I asked Baldemar about the history of worker struggles in the Campbell's factories in New Jersey and around the country. He told me that union leadership at the Campbell soup plants in Ohio and New Jersey opposed the boycott, but since the contract was settled they have built strong cooperation. Other than that, Baldemar didn’t know much about the history of worker organizing at the company.  If FLOC and Campbell’s UFCW (United Food and Commercial Workers Union) locals had known more about the history of struggle with the company, perhaps FLOC would have won the contract sooner. 

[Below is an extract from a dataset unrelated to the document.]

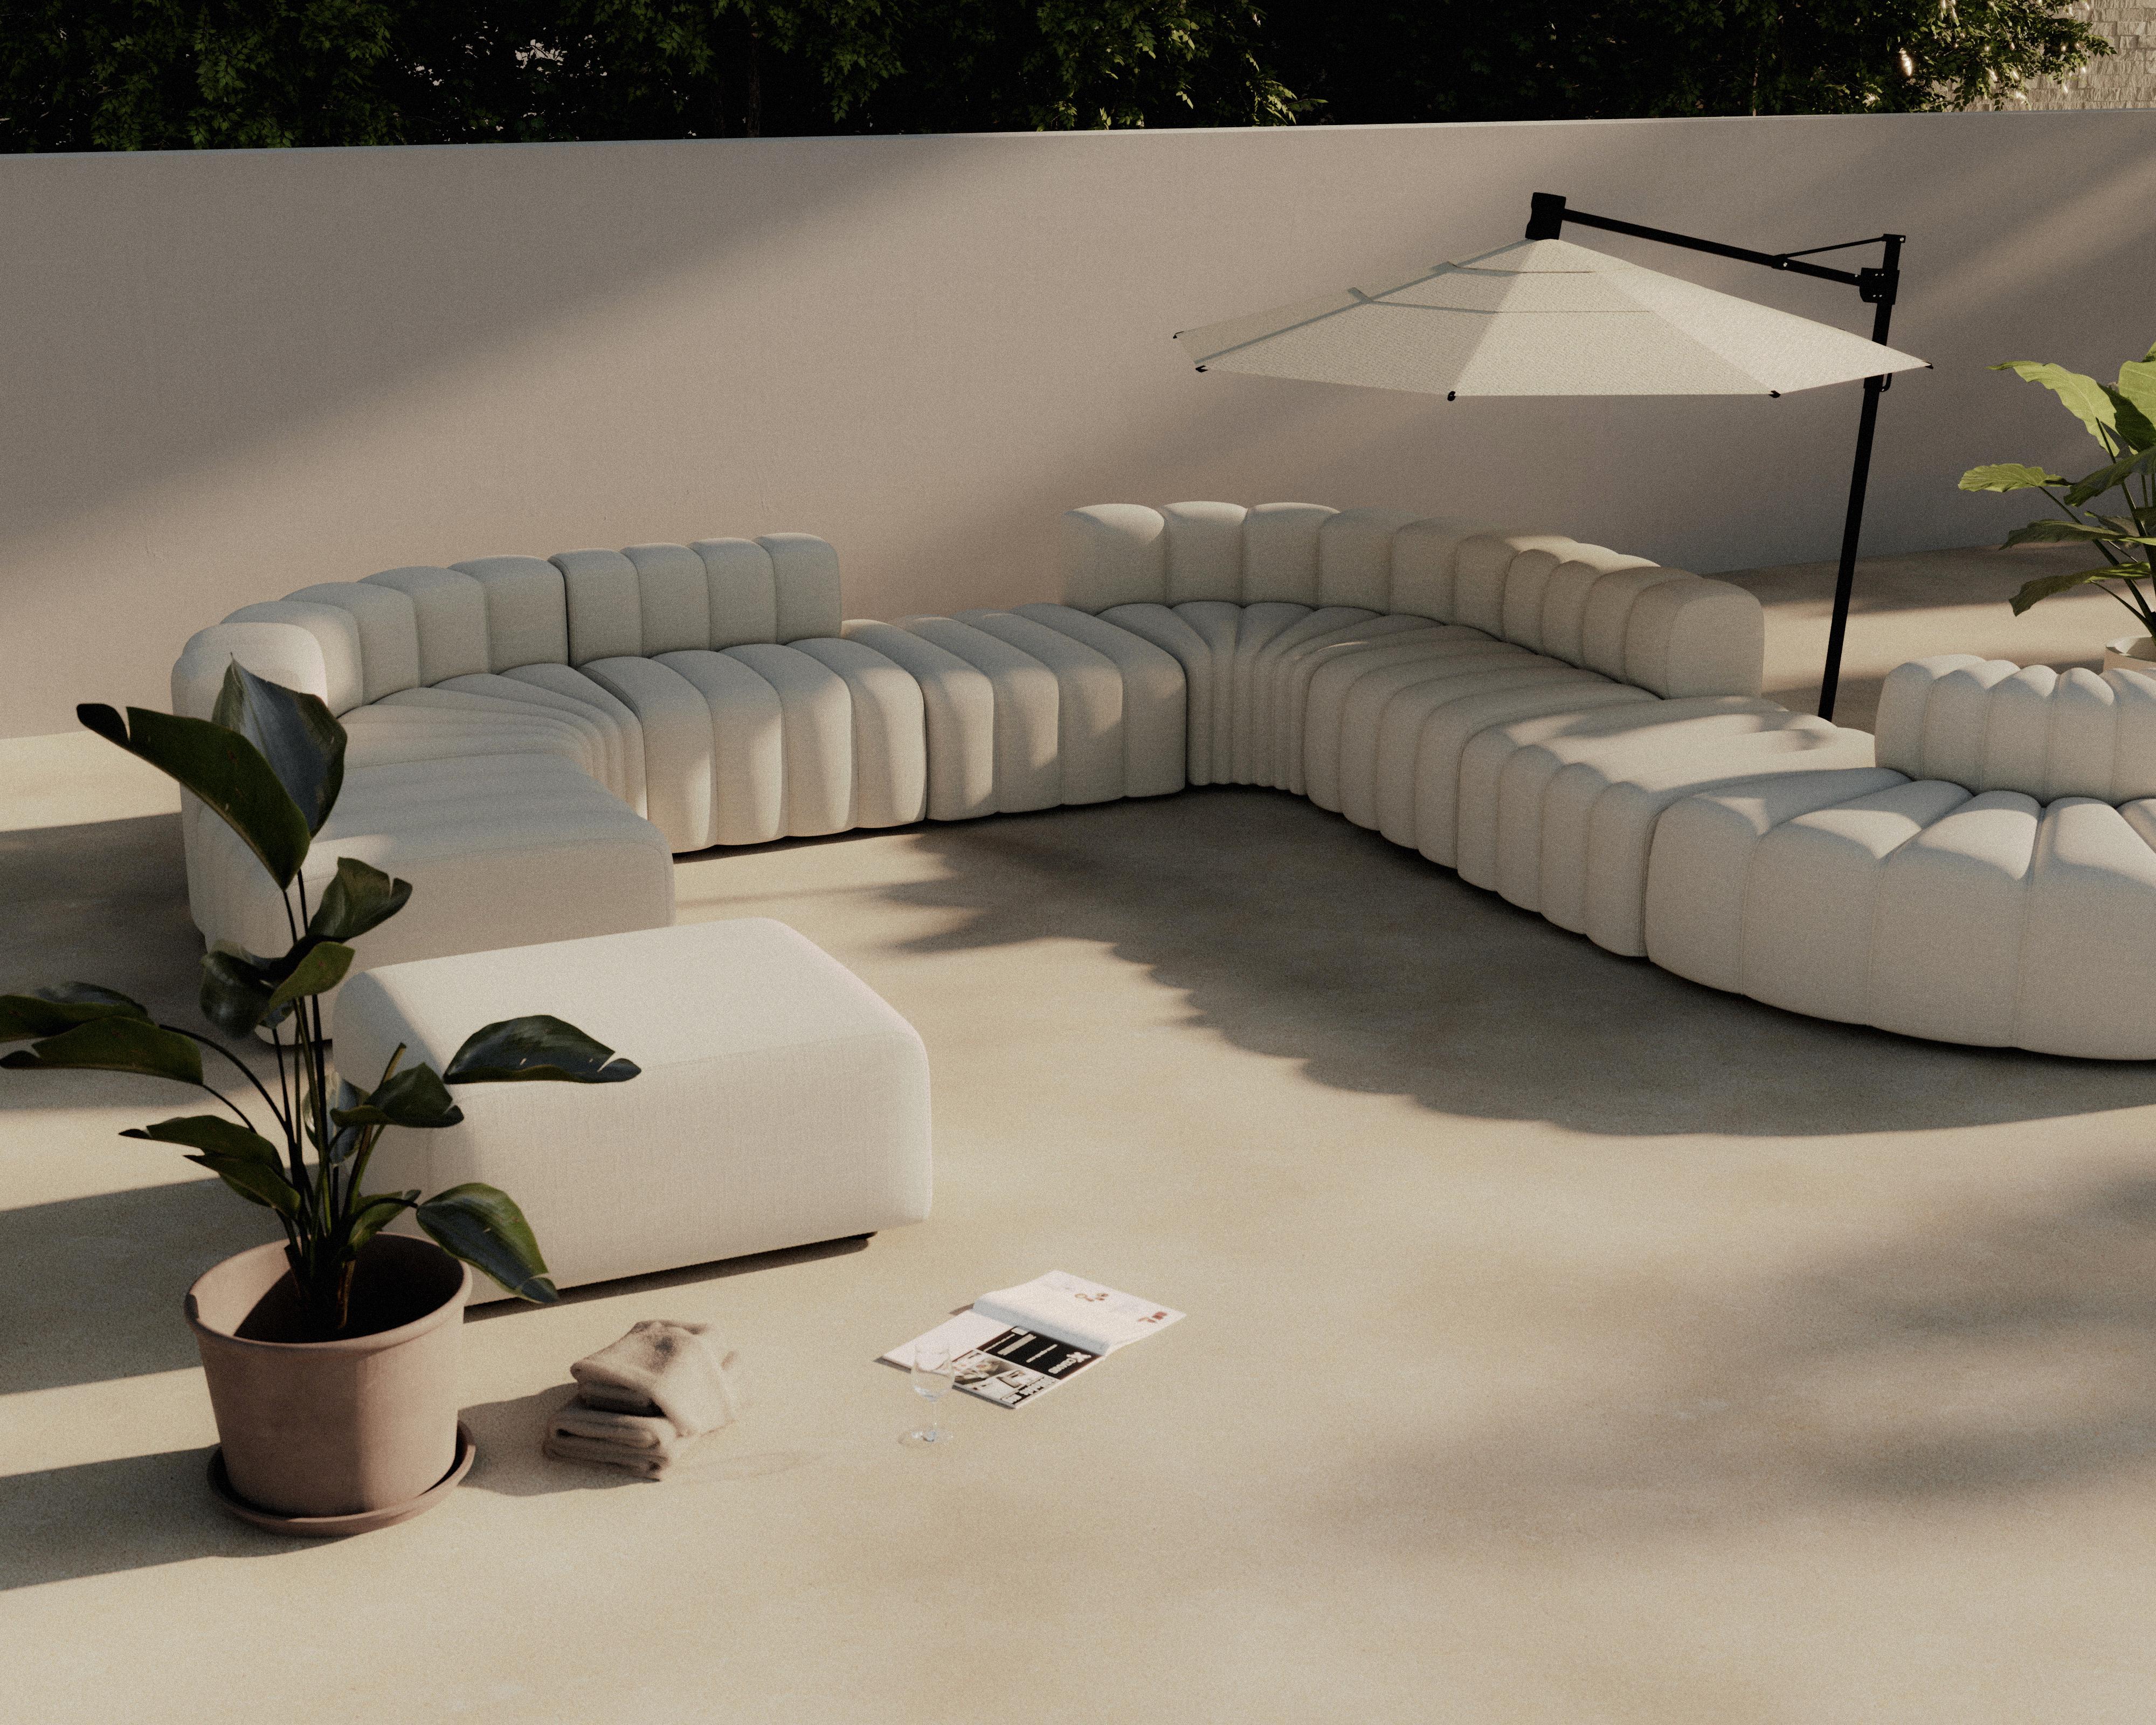 Other Studio Corner Modular Outdoor Sofa by NORR11 For Sale
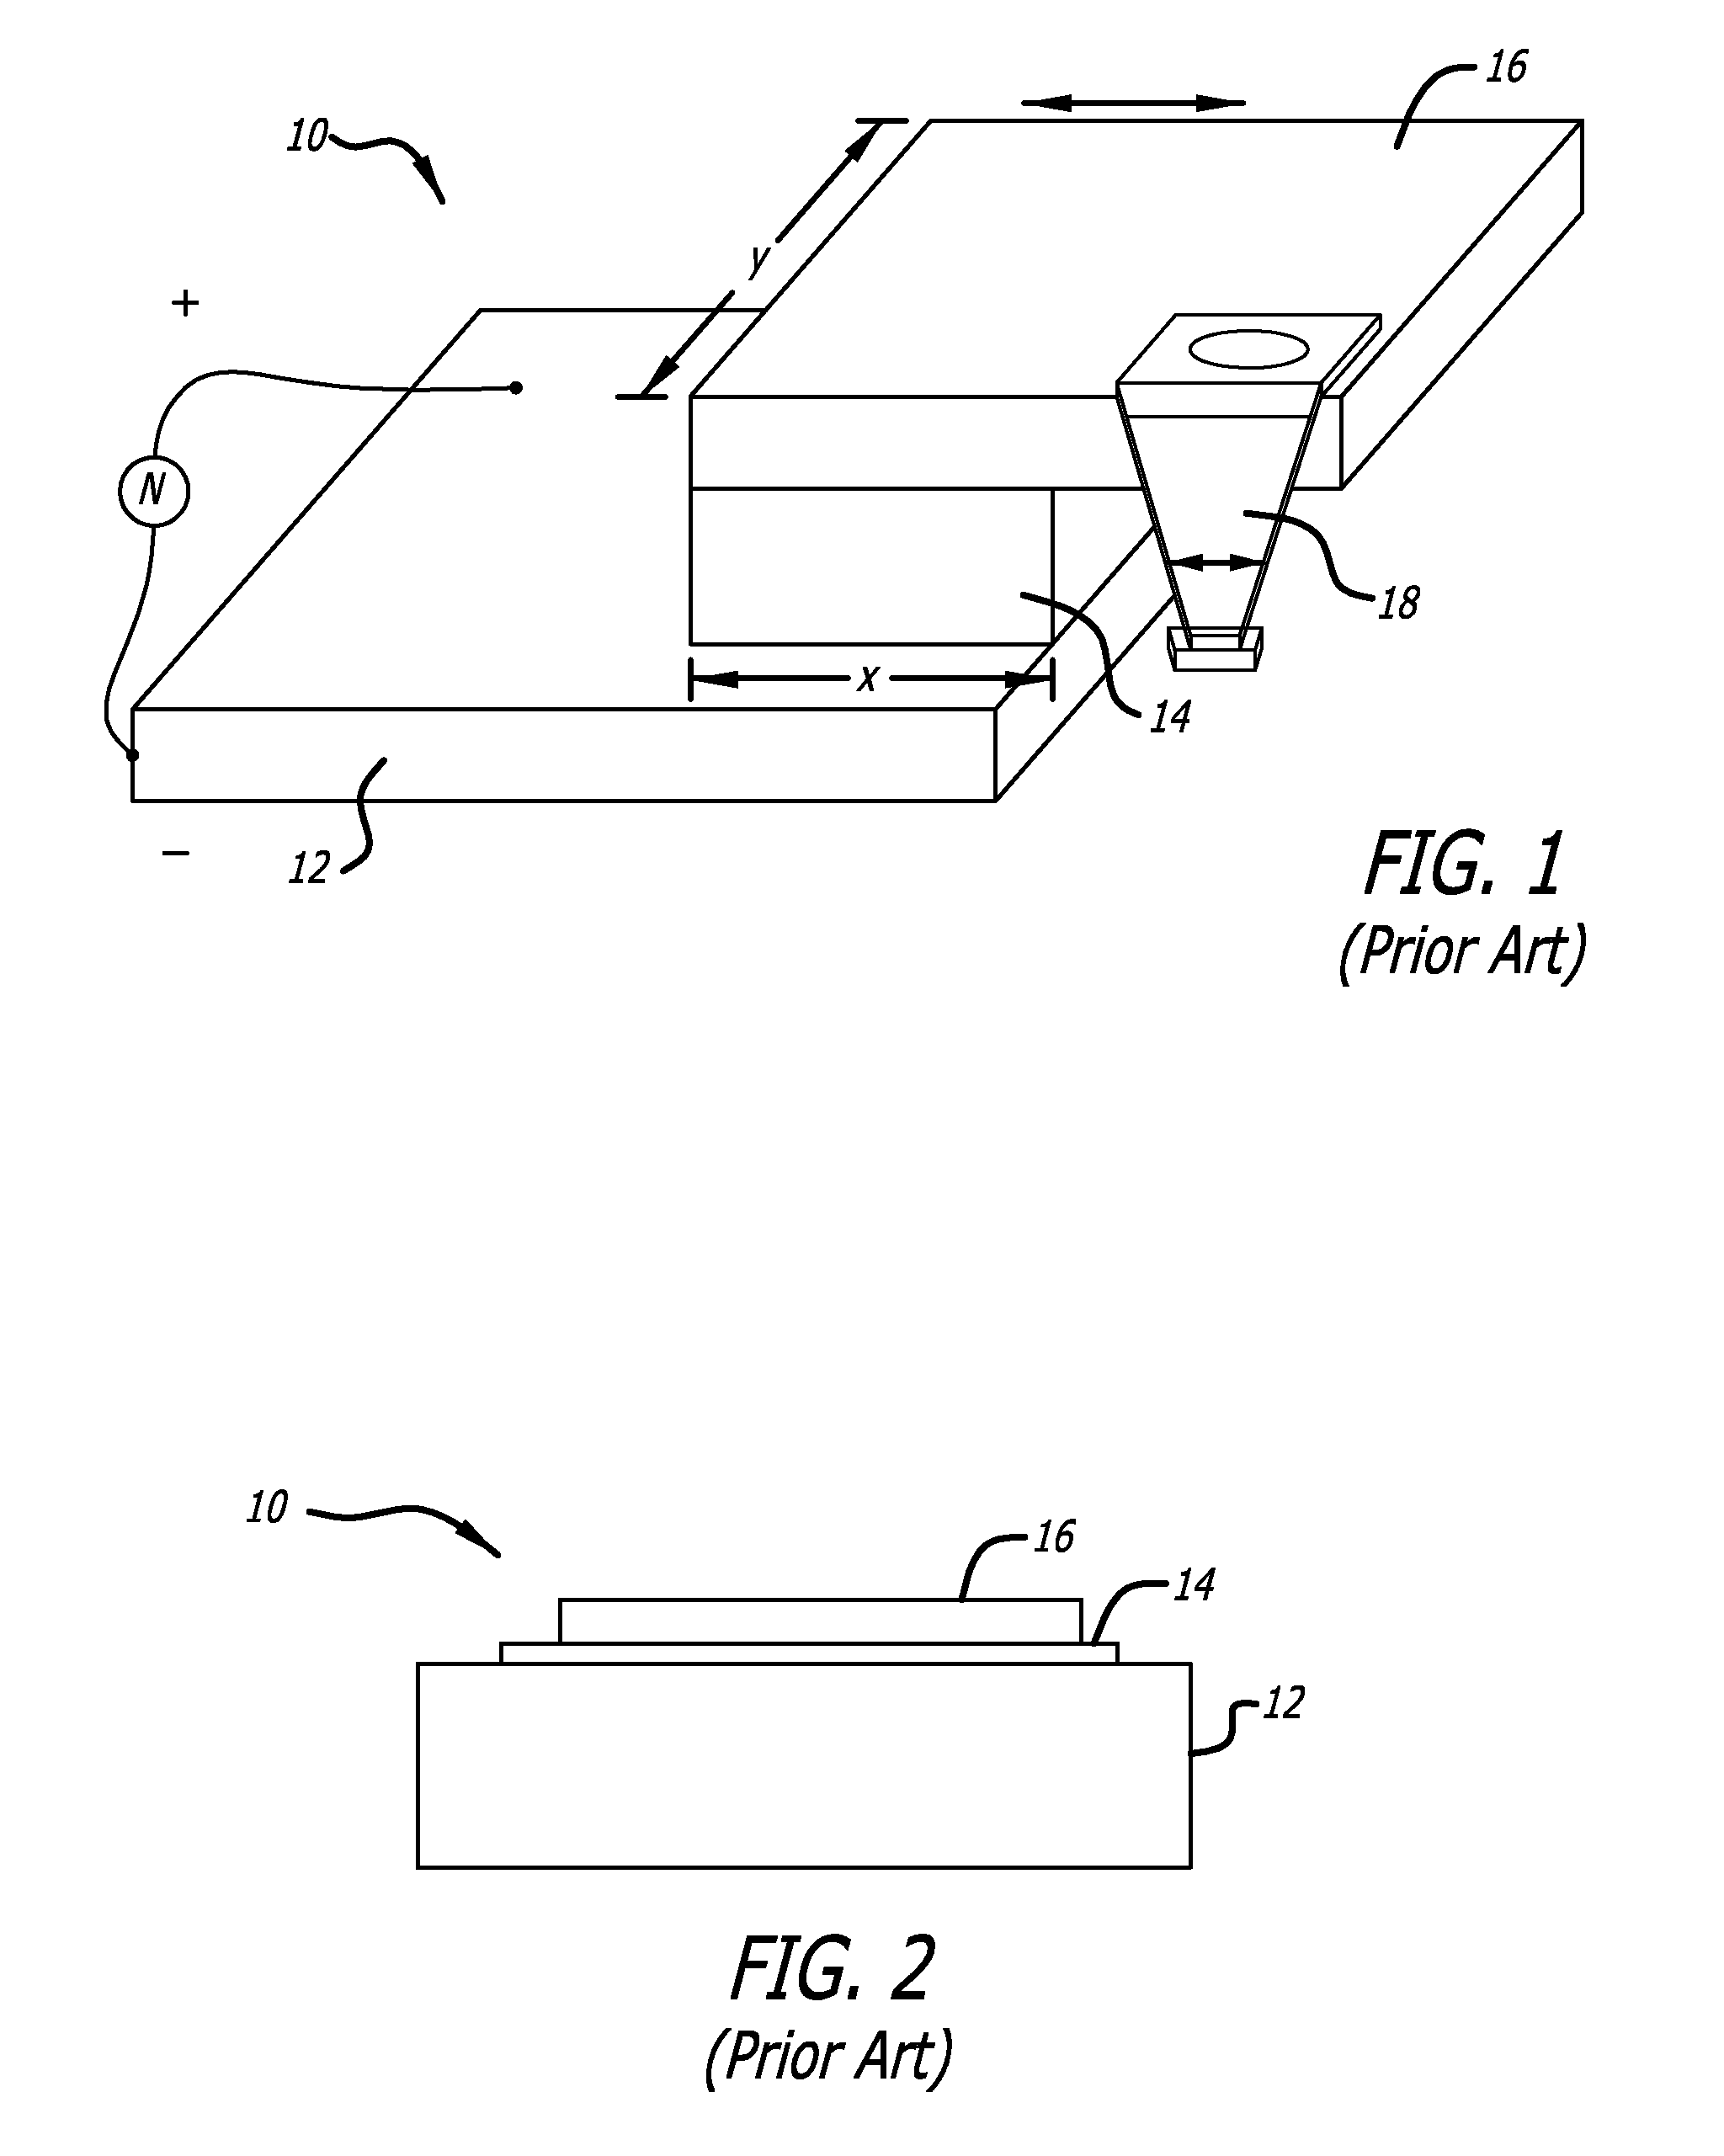 Head gimbal assembly apparatus having an actuator mounted on a mounting plate comprising a ceramic sub-plate formed on a stainless steel mounting plate

Condensed Capitalism: Campbell Soup and the Pursuit of Cheap Production in the Twentieth Century tells the fascinating social history of workers at Campbell’s original plant in Camden, New Jersey.  Despite fierce opposition, these workers built Local 80 into a social justice union. David Sidorick tells the story well, weaving together interviews with former employees and union activists and research on the various national unions that Local 80 was affiliated with. The story also details the innumerable forces that conspired to discourage and destroy the union.  These forces include the company's ownership, management and business strategies, politicians linked to the company, technological change, and the process of globalization.